- _Exercise goal_: Word for word, reproduce each entry.

- _Exercise input_:

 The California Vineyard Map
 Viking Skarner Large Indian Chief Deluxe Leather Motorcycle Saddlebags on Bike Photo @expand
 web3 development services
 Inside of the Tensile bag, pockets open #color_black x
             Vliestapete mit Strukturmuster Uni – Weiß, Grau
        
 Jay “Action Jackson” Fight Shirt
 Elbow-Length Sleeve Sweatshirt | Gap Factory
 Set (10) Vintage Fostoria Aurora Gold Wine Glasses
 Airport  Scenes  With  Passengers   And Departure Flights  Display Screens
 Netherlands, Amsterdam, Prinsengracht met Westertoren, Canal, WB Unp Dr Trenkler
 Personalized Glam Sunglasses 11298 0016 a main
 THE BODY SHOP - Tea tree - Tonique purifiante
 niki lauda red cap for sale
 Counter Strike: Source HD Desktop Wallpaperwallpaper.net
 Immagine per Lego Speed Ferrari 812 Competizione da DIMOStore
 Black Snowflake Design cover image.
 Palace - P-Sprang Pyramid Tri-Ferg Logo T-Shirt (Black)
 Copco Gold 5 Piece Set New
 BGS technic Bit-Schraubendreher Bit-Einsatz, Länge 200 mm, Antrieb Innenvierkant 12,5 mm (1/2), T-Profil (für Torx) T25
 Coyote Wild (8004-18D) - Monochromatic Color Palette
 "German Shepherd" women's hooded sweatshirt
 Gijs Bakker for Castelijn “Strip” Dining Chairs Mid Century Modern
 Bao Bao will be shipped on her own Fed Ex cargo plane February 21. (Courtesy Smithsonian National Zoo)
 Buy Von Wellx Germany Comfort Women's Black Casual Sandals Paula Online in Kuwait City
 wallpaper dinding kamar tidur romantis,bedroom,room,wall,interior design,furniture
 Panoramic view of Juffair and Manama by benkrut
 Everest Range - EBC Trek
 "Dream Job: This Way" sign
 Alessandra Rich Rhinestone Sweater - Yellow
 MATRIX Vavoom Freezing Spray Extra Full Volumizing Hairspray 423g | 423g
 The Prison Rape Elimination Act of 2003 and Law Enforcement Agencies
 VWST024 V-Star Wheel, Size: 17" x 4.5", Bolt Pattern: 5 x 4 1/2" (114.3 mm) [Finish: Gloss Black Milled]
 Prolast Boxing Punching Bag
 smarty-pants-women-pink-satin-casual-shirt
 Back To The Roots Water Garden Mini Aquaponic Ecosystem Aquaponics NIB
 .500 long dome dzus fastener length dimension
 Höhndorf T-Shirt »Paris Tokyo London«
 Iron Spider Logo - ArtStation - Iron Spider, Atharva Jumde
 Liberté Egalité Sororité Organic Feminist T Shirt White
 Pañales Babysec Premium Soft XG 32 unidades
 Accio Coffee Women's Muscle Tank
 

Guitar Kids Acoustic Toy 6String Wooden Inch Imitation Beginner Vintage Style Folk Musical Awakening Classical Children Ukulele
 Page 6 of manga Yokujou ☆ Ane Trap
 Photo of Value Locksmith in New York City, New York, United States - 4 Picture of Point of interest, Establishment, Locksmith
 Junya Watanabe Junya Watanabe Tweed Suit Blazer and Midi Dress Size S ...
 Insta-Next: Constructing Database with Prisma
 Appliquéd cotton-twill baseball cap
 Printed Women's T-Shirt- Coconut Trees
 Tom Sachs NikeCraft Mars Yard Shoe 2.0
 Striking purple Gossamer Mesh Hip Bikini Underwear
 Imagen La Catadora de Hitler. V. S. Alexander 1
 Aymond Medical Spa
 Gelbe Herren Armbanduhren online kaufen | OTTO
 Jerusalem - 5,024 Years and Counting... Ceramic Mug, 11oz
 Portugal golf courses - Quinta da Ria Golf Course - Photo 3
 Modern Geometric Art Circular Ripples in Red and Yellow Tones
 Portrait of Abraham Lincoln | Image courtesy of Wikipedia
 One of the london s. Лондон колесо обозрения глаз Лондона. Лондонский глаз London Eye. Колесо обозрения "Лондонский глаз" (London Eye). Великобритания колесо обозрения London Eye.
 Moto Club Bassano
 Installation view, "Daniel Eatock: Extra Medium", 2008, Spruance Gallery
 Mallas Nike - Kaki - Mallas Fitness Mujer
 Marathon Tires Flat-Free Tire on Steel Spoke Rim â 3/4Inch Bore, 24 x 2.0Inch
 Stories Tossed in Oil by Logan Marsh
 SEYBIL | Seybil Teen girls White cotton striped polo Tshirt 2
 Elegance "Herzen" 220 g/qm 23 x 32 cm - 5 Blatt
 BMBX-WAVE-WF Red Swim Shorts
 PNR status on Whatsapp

- _Response below_:
 The California Vineyard Map
 Viking Skarner Large Indian Chief Deluxe Leather Motorcycle Saddlebags on Bike Photo @expand
 web3 development services
 Inside of the Tensile bag, pockets open #color_black x
             Vliestapete mit Strukturmuster Uni – Weiß, Grau
        
 Jay “Action Jackson” Fight Shirt
 Elbow-Length Sleeve Sweatshirt | Gap Factory
 Set (10) Vintage Fostoria Aurora Gold Wine Glasses
 Airport  Scenes  With  Passengers   And Departure Flights  Display Screens
 Netherlands, Amsterdam, Prinsengracht met Westertoren, Canal, WB Unp Dr Trenkler
 Personalized Glam Sunglasses 11298 0016 a main
 THE BODY SHOP - Tea tree - Tonique purifiante
 niki lauda red cap for sale
 Counter Strike: Source HD Desktop Wallpaperwallpaper.net
 Immagine per Lego Speed Ferrari 812 Competizione da DIMOStore
 Black Snowflake Design cover image.
 Palace - P-Sprang Pyramid Tri-Ferg Logo T-Shirt (Black)
 Copco Gold 5 Piece Set New
 BGS technic Bit-Schraubendreher Bit-Einsatz, Länge 200 mm, Antrieb Innenvierkant 12,5 mm (1/2), T-Profil (für Torx) T25
 Coyote Wild (8004-18D) - Monochromatic Color Palette
 "German Shepherd" women's hooded sweatshirt
 Gijs Bakker for Castelijn “Strip” Dining Chairs Mid Century Modern
 Bao Bao will be shipped on her own Fed Ex cargo plane February 21. (Courtesy Smithsonian National Zoo)
 Buy Von Wellx Germany Comfort Women's Black Casual Sandals Paula Online in Kuwait City
 wallpaper dinding kamar tidur romantis,bedroom,room,wall,interior design,furniture
 Panoramic view of Juffair and Manama by benkrut
 Everest Range - EBC Trek
 "Dream Job: This Way" sign
 Alessandra Rich Rhinestone Sweater - Yellow
 MATRIX Vavoom Freezing Spray Extra Full Volumizing Hairspray 423g | 423g
 The Prison Rape Elimination Act of 2003 and Law Enforcement Agencies
 VWST024 V-Star Wheel, Size: 17" x 4.5", Bolt Pattern: 5 x 4 1/2" (114.3 mm) [Finish: Gloss Black Milled]
 Prolast Boxing Punching Bag
 smarty-pants-women-pink-satin-casual-shirt
 Back To The Roots Water Garden Mini Aquaponic Ecosystem Aquaponics NIB
 .500 long dome dzus fastener length dimension
 Höhndorf T-Shirt »Paris Tokyo London«
 Iron Spider Logo - ArtStation - Iron Spider, Atharva Jumde
 Liberté Egalité Sororité Organic Feminist T Shirt White
 Pañales Babysec Premium Soft XG 32 unidades
 Accio Coffee Women's Muscle Tank
 

Guitar Kids Acoustic Toy 6String Wooden Inch Imitation Beginner Vintage Style Folk Musical Awakening Classical Children Ukulele
 Page 6 of manga Yokujou ☆ Ane Trap
 Photo of Value Locksmith in New York City, New York, United States - 4 Picture of Point of interest, Establishment, Locksmith
 Junya Watanabe Junya Watanabe Tweed Suit Blazer and Midi Dress Size S ...
 Insta-Next: Constructing Database with Prisma
 Appliquéd cotton-twill baseball cap
 Printed Women's T-Shirt- Coconut Trees
 Tom Sachs NikeCraft Mars Yard Shoe 2.0
 Striking purple Gossamer Mesh Hip Bikini Underwear
 Imagen La Catadora de Hitler. V. S. Alexander 1
 Aymond Medical Spa
 Gelbe Herren Armbanduhren online kaufen | OTTO
 Jerusalem - 5,024 Years and Counting... Ceramic Mug, 11oz
 Portugal golf courses - Quinta da Ria Golf Course - Photo 3
 Modern Geometric Art Circular Ripples in Red and Yellow Tones
 Portrait of Abraham Lincoln | Image courtesy of Wikipedia
 One of the london s. Лондон колесо обозрения глаз Лондона. Лондонский глаз London Eye. Колесо обозрения "Лондонский глаз" (London Eye). Великобритания колесо обозрения London Eye.
 Moto Club Bassano
 Installation view, "Daniel Eatock: Extra Medium", 2008, Spruance Gallery
 Mallas Nike - Kaki - Mallas Fitness Mujer
 Marathon Tires Flat-Free Tire on Steel Spoke Rim â 3/4Inch Bore, 24 x 2.0Inch
 Stories Tossed in Oil by Logan Marsh
 SEYBIL | Seybil Teen girls White cotton striped polo Tshirt 2
 Elegance "Herzen" 220 g/qm 23 x 32 cm - 5 Blatt
 BMBX-WAVE-WF Red Swim Shorts
 PNR status on Whatsapp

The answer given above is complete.